INPUT START

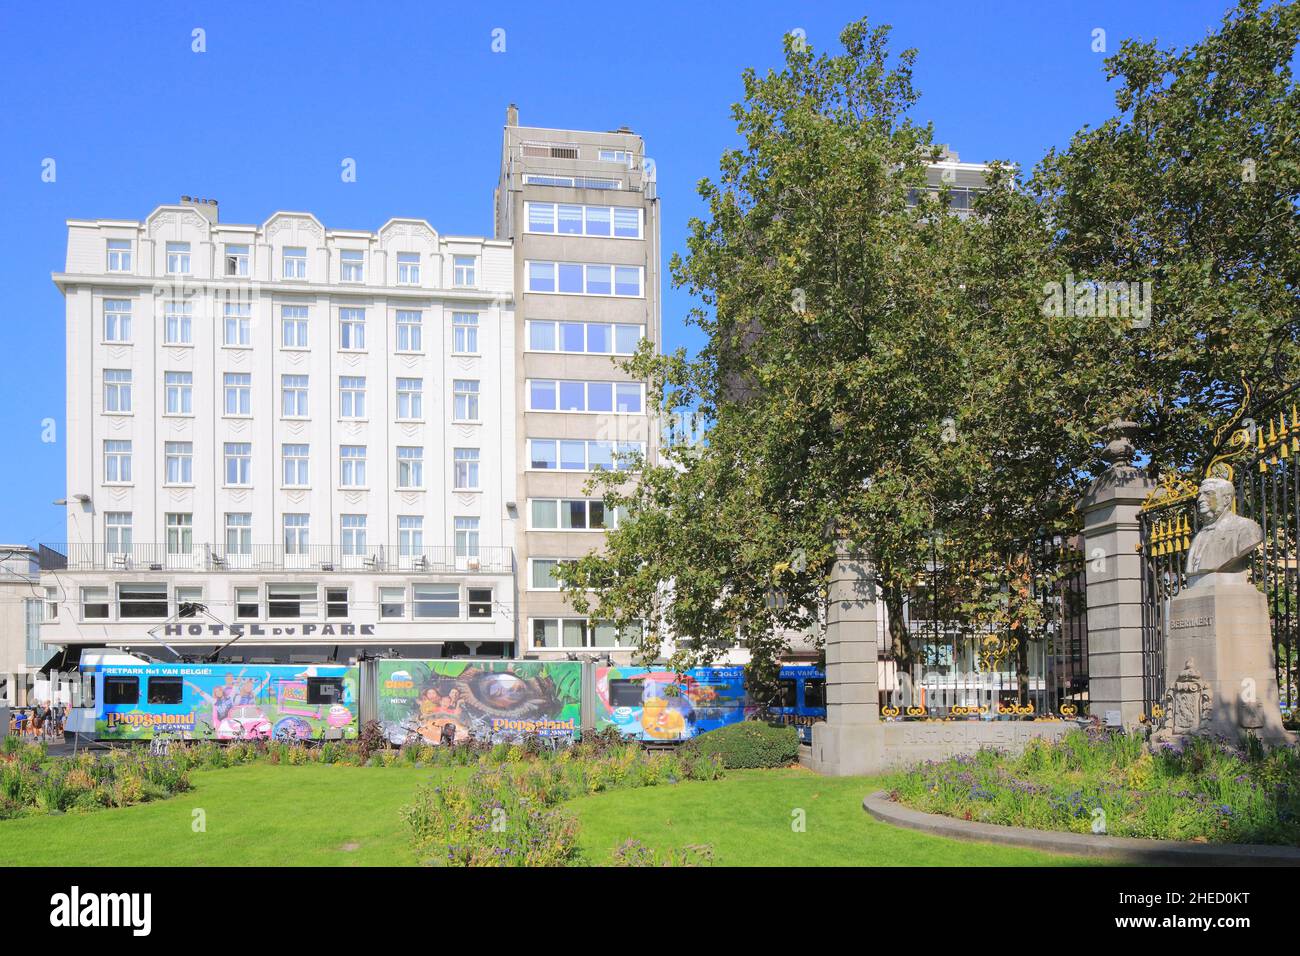 Belgio, Fiandre Occidentali, Ostenda, Place Marie Jose, tram che passa di fronte all'Hotel du Parc in stile Art Deco con la statua di Auguste Beernaert sulla destra Foto Stock
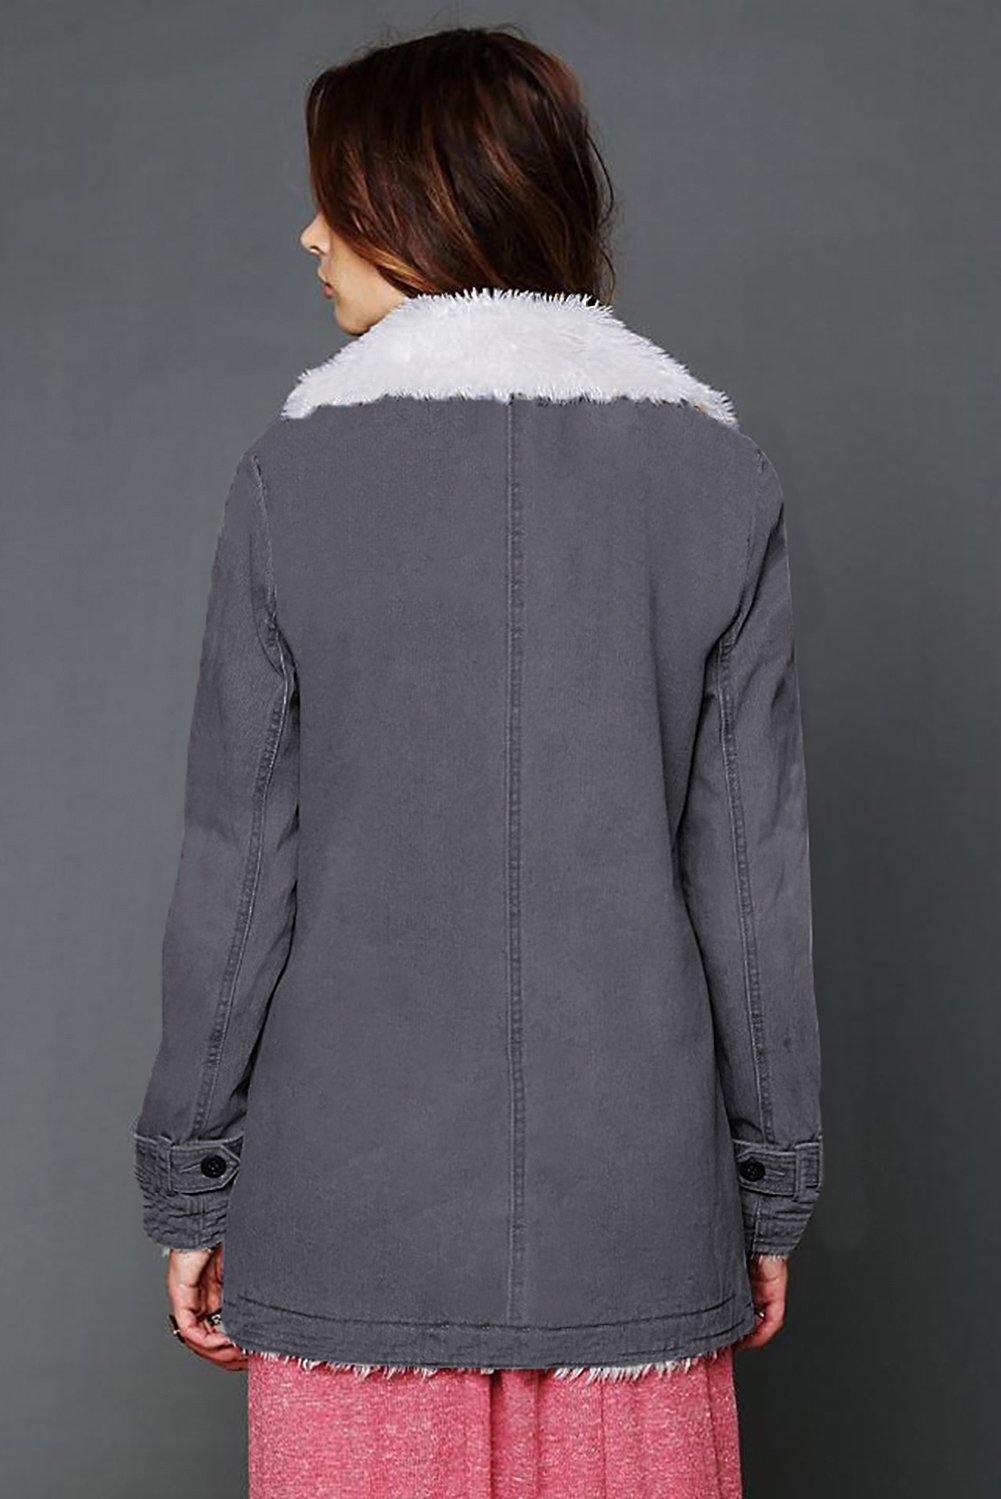 Lapel Collar All Denim Wool Warm Coat - L & M Kee, LLC
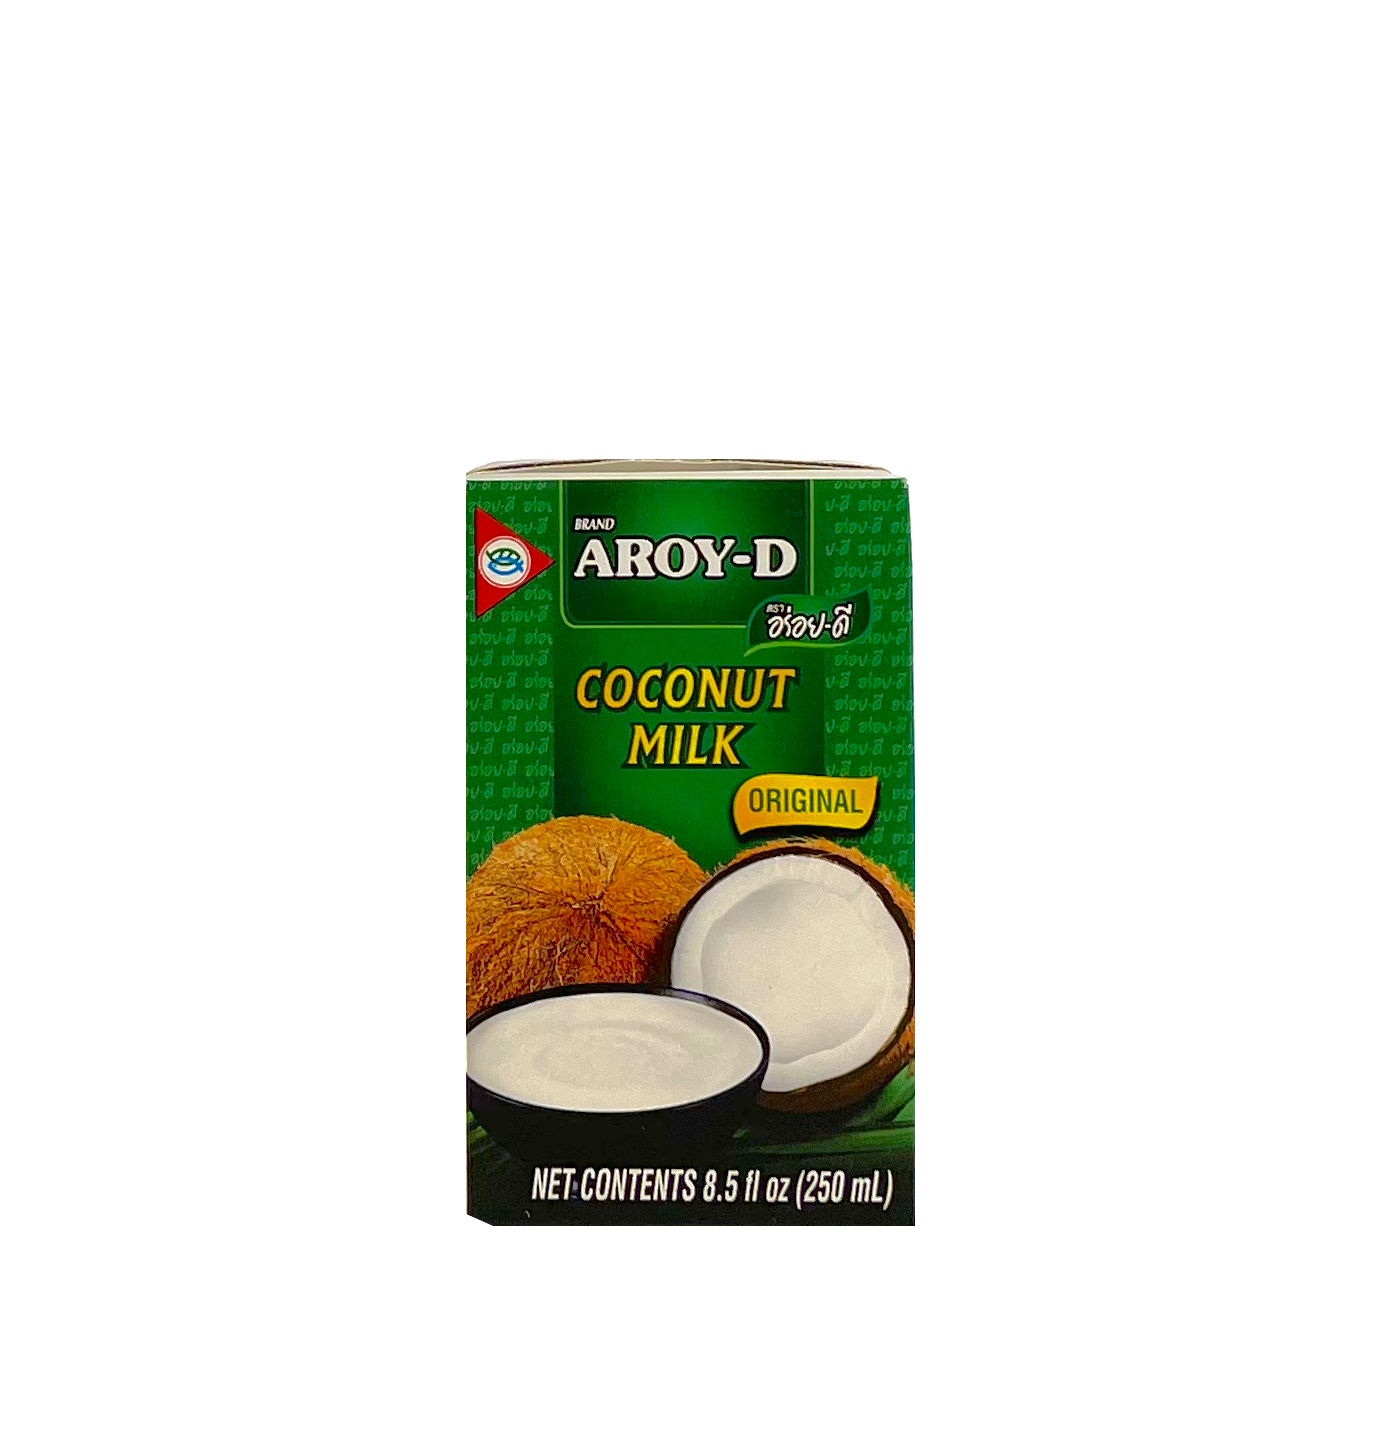 Coconut milk UHT 250ml Aroy-D Thailand
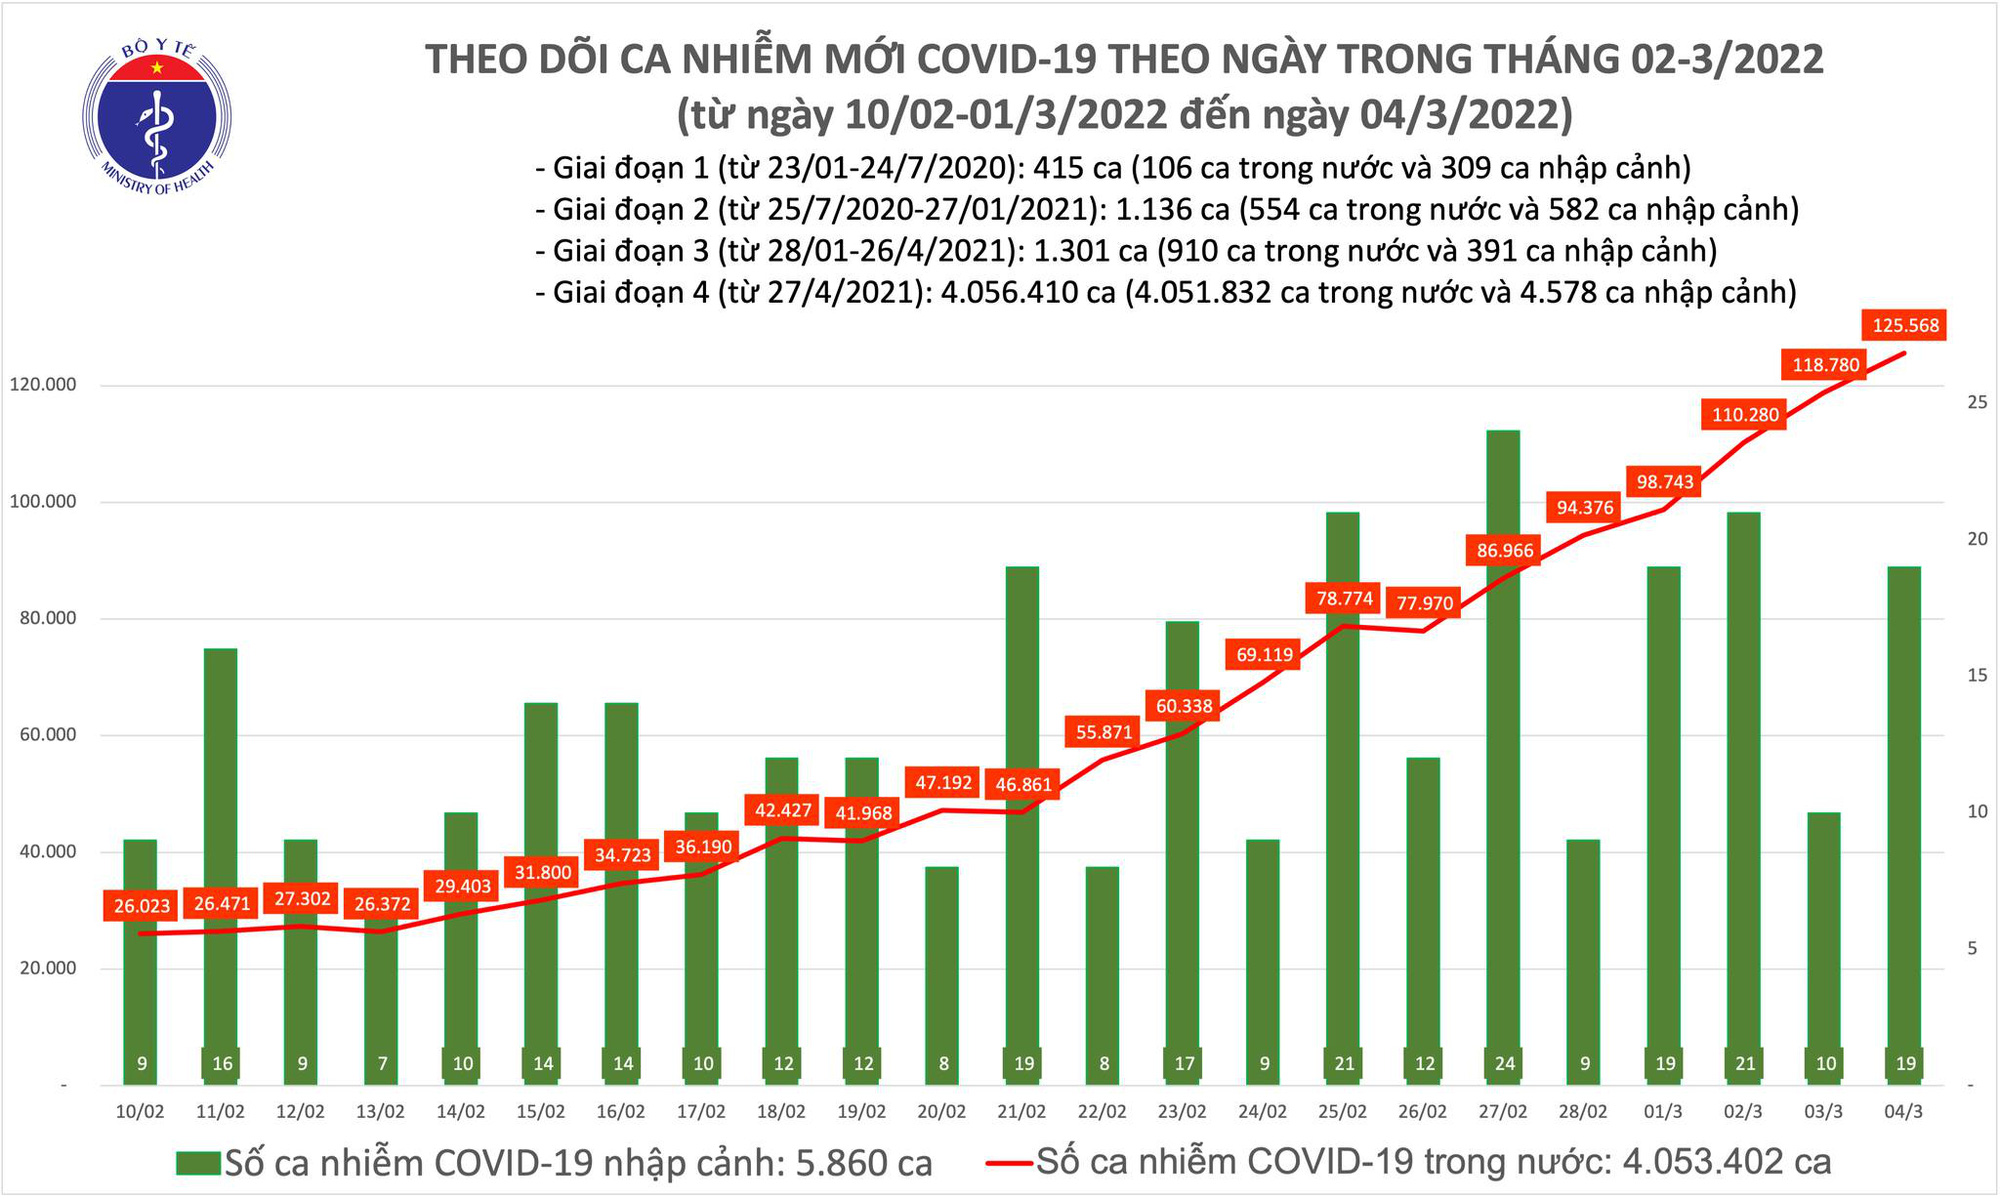 Covid-19 Bắc Ninh 2024: Bắc Ninh đã vượt qua đại dịch Covid-19 thành công để trở lại với cuộc sống bình thường. Năm 2024, Bắc Ninh sẽ tự hào là một trong những địa phương đầu tiên trong nước đạt được mục tiêu miễn dịch cộng đồng. Mời bạn đến và tham quan các khu du lịch trải nghiệm thực tế về sự chống đẩy Covid-19 này.
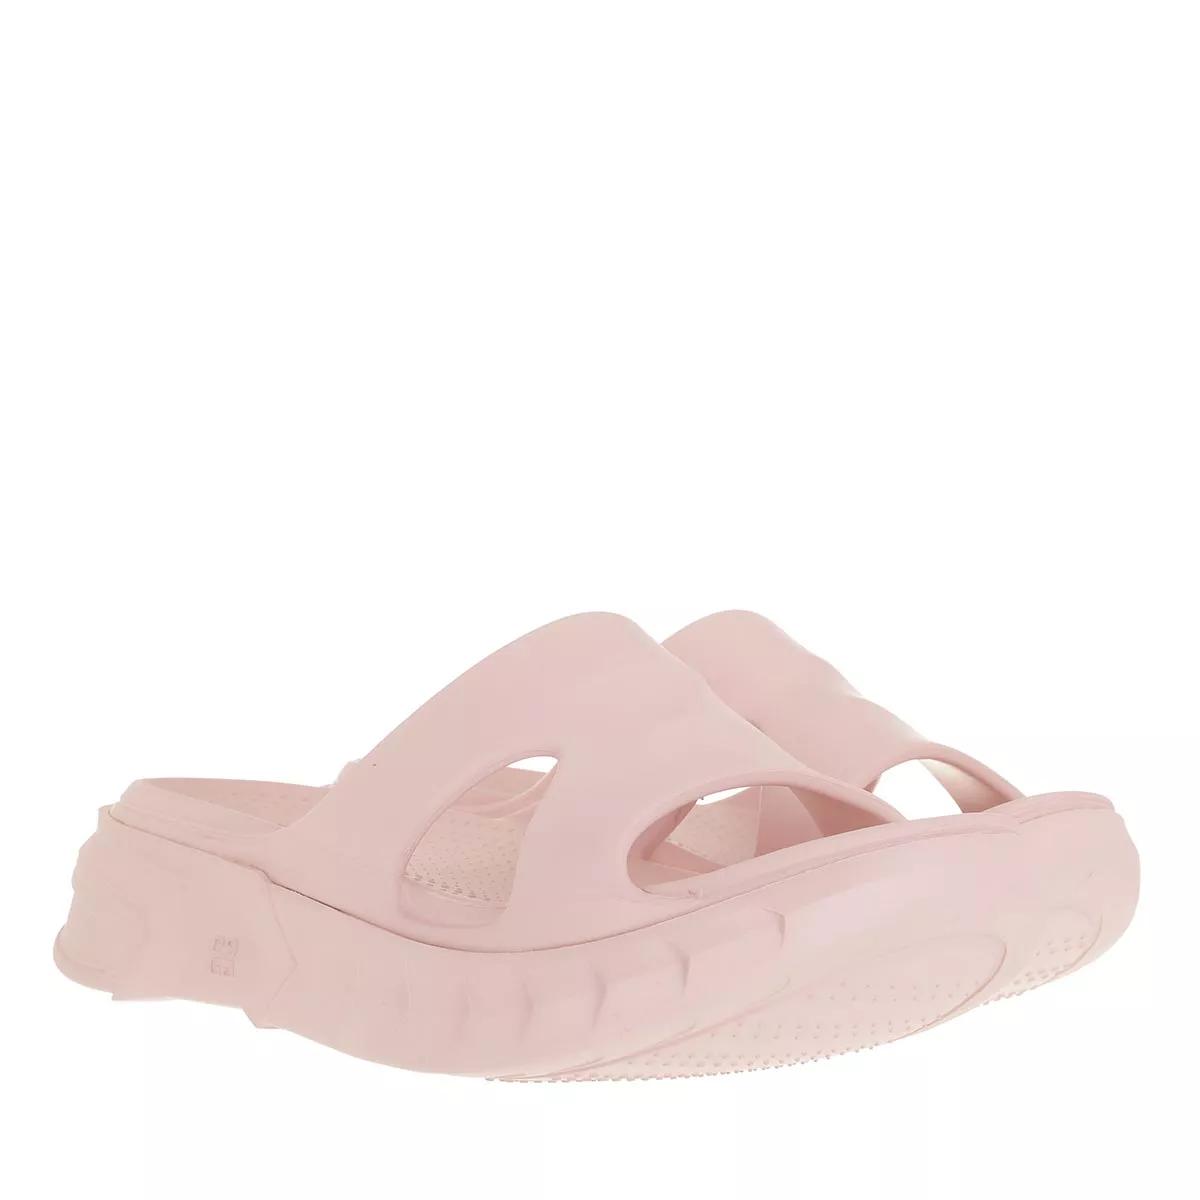 Givenchy Sandalen - Marshmallow Sandals - Gr. 38 (EU) - in Rosa - für Damen von Givenchy

INPUT END

Could you repeat the data exactly, omitting its pictures?

[TASK ANSWER]
 Belgio, Fiandre Occidentali, Ostenda, Place Marie Jose, tram che passa di fronte all'Hotel du Parc in stile Art Deco con la statua di Auguste Beernaert sulla destra Foto Stock
 Lapel Collar All Denim Wool Warm Coat - L & M Kee, LLC
 Coconut milk UHT 250ml Aroy-D Thailand
 Covid-19 Bắc Ninh 2024: Bắc Ninh đã vượt qua đại dịch Covid-19 thành công để trở lại với cuộc sống bình thường. Năm 2024, Bắc Ninh sẽ tự hào là một trong những địa phương đầu tiên trong nước đạt được mục tiêu miễn dịch cộng đồng. Mời bạn đến và tham quan các khu du lịch trải nghiệm thực tế về sự chống đẩy Covid-19 này.
 Givenchy Sandalen - Marshmallow Sandals - Gr. 38 (EU) - in Rosa - für Damen von Givenchy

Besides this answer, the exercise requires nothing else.